Здесь я не совсем понимаю логики. На входе мы имеем парную абракадабру, а на выходе - 2 реальных гаплотипа достаточно большой длины 400. Причем в регионах бедных на рекомбинацию это будут вполне нормальные такие аллели, с филогенией и происхождением, с возможностью выяснить географию. Чем это плохо? А уж выяснять от кого это пришло - ну для этого по любому надо иметь достаточный набор родственников с обеих сторон, иначе никак. Я бы без такого плотного набора тестируемой родни не брался бы за выяснение данного вопроса. Другое дело - это когда мы нашли совпаденца со всеми 400 или хотя бы с 100 позициями. Но для этого нужен более мощный чип хорошо покрывающий участки с малой рекомбинацией, то есть чип специально сдизайненный для генеалогии.
Читаю эту дискуссию и получаю несказанное удовольствие от комментариев действительно умного и сведущего человека.
За что Валерию особая личная благодарность от меня.Действительно, многие проблемы 23ия с предиктованием генеалогического родства обусловленны не несовершенством методов обработки данных, а скорее, недостатками модифицированного Иллюмина чипсета. Соврешенно ясно (даже при простом взгляде на геномный браузер HapMap) что плотность snp/kB (число снипов на килобазу) или snp/cM (снипов на сентиморган) далеко неодинакова в разных регионах генома и на разных сегментах хромосом. Далее, тот же проект ХапМап произвел достаточно надежное картирование хотспотов (горячих участков рекомбинации) для каждой из хромосом (и с каждой новой фазой проекта эта картирование становится все более точным).

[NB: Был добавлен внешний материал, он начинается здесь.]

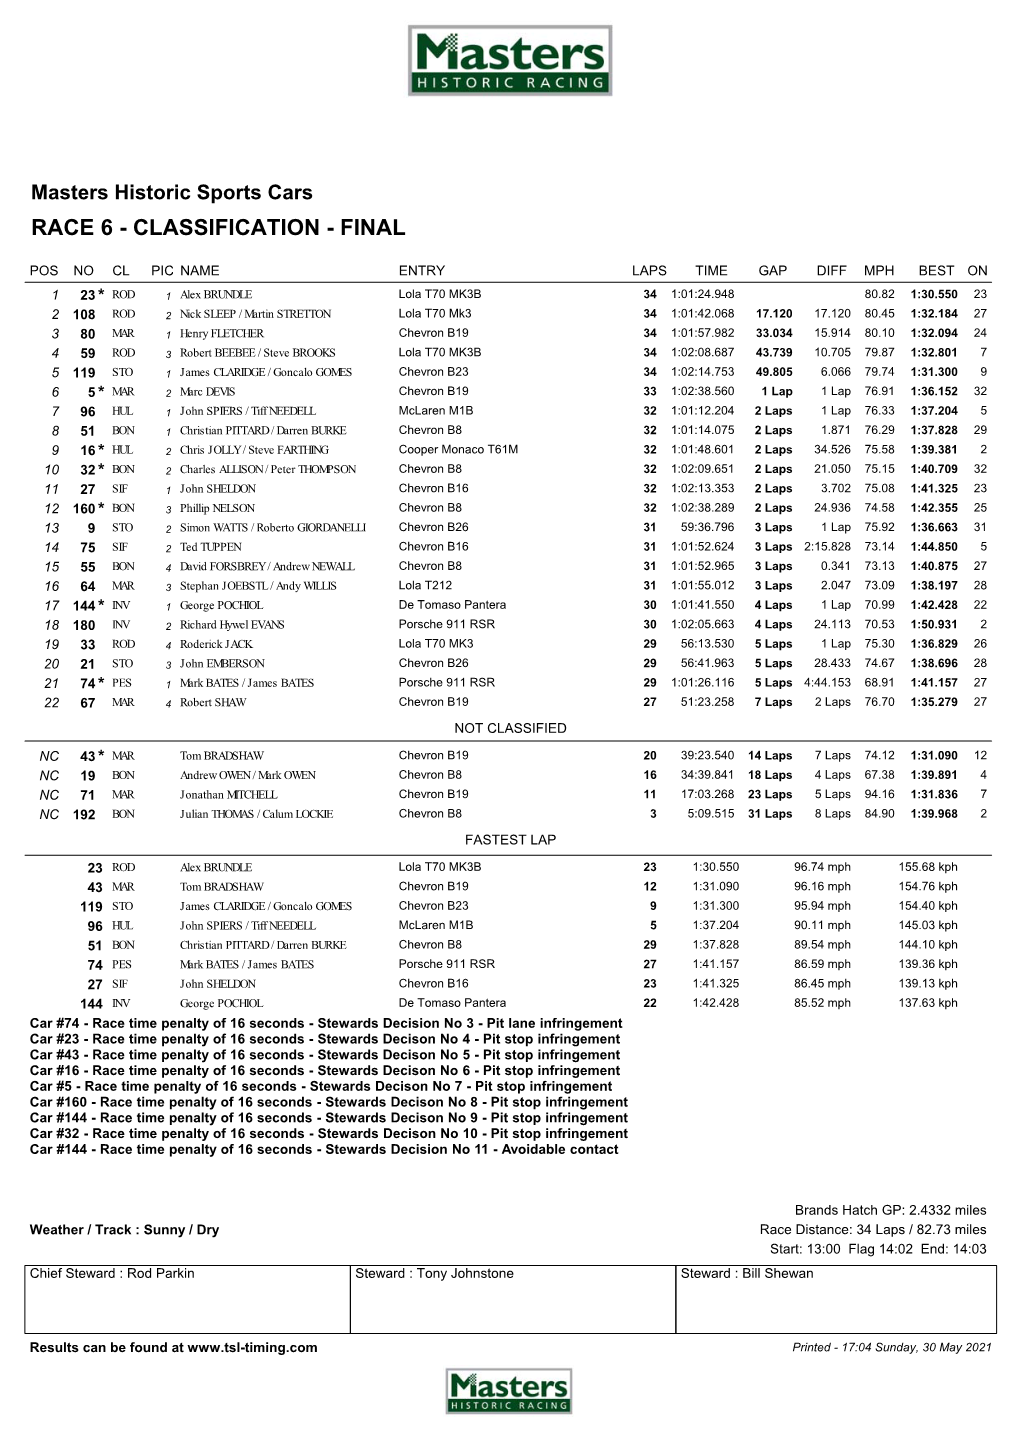 Masters Historic Sports Cars Classification

Наличие хостпотов и неравномерная плотность
выявленных снипов существенно затрудняет поиск устойчивых гаплоблоков (которые и опредляется в результате фазирования). А неравномерная плотность и что еще хуже отсутствие многих Хапмаповских снипов в чипсетах, используемых FTDNA и 23andme (кстати чипсет Decodeme - в отличие от чипсетов FTDNA и 23andme- наиболее близок к 1,5-млн чипсету HapMap) приводит к появлению искуственных УПС. Если не ошибаюсь, Леон, который занимался слияниям снипов FTDNA и 23ия, приводил примеры, когда после слияния данных УПСЫ (выявленные в отдельности по результатам снип-тестирования FTDNA и в 23ия) просто
ломались, поскольку внутри участка который воспринимался, к примеру в 23ия, как непрерывная цепочка половинного совпадения (HIR-сегмент) вклинивался снип, нарушавший гармоничную последовательность.
А теперь представьте что будет с этими HIR-сегментам после того как будут протестированны миллион или полторамиллиона снипов? А что будет тогда, когда будет секвенсирован полный геном?